## Exercise instructions
Only one portion of the data is to be written out: from the line bearing "GAMEPOWER Gaming-Headset (Wired" through the line bearing "Marvel Avengers Iron Spider Wallpaper". Write it exactly as it appears.

## Task inputs
********

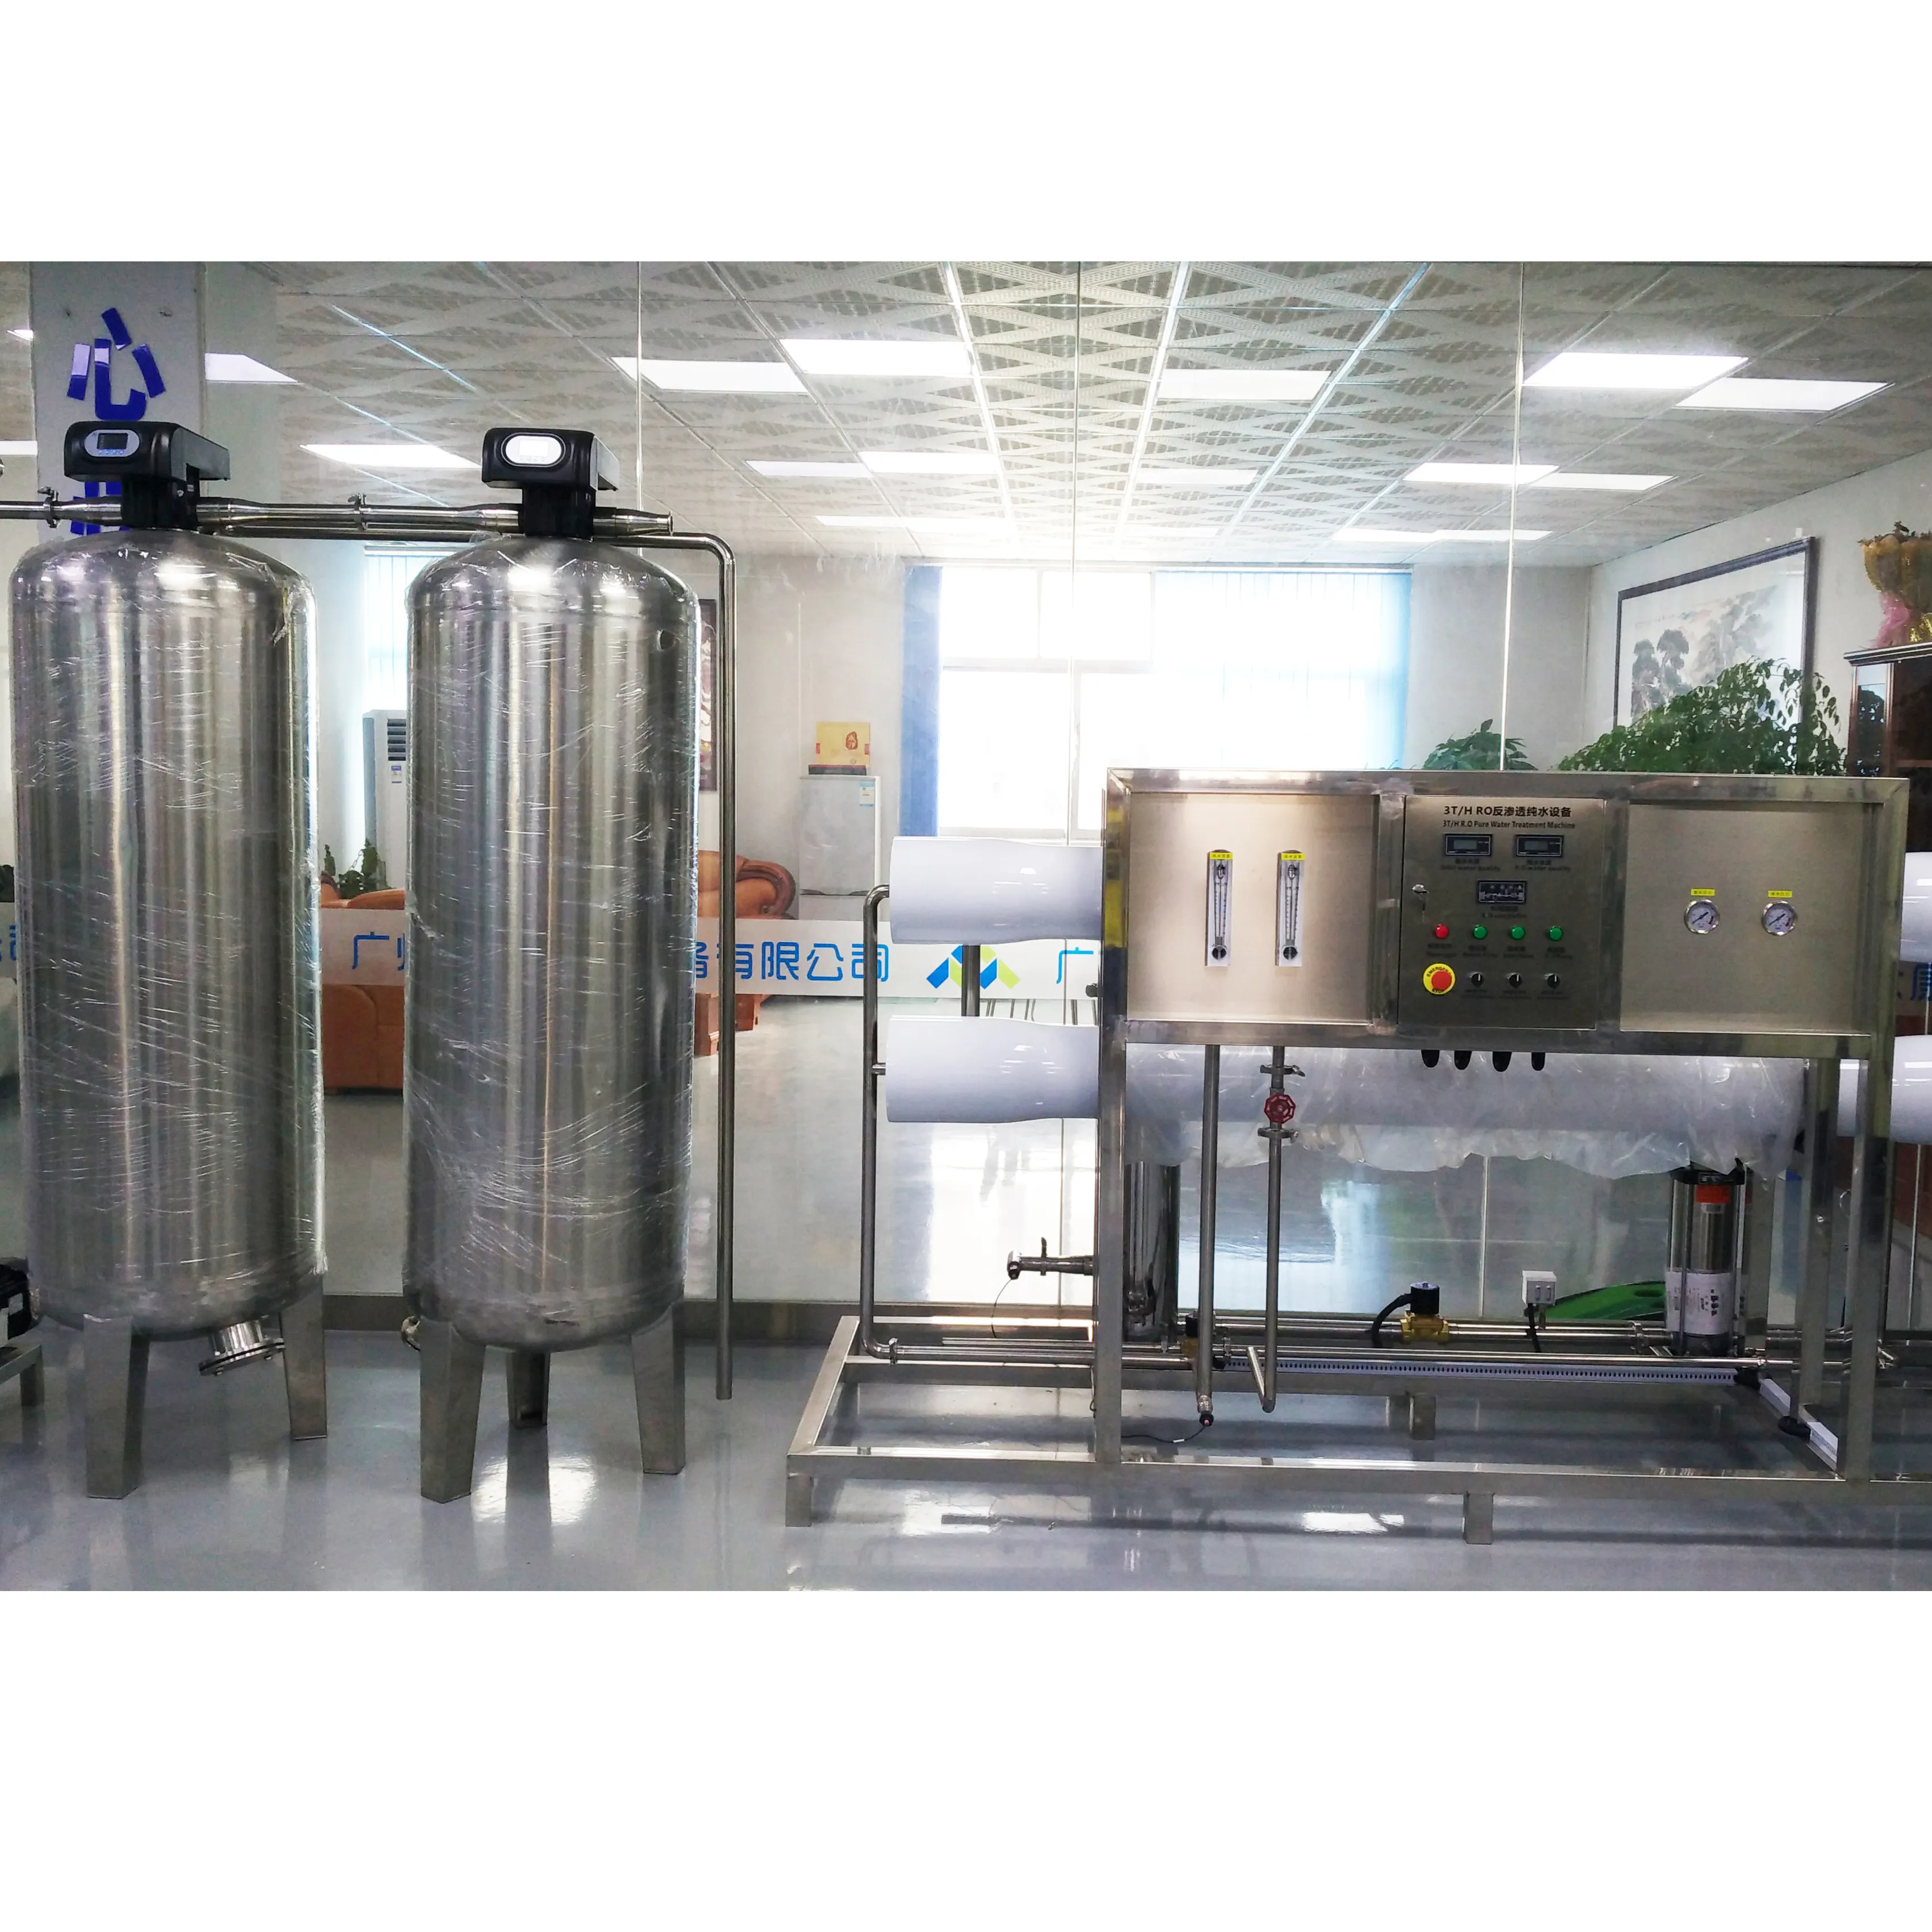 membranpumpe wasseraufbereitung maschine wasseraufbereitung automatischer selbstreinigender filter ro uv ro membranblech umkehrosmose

********

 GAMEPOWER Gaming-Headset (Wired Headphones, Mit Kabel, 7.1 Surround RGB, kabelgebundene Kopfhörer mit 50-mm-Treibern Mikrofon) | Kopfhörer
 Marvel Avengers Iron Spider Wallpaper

********

## Finished exercise
 GAMEPOWER Gaming-Headset (Wired Headphones, Mit Kabel, 7.1 Surround RGB, kabelgebundene Kopfhörer mit 50-mm-Treibern Mikrofon) | Kopfhörer
 Marvel Avengers Iron Spider Wallpaper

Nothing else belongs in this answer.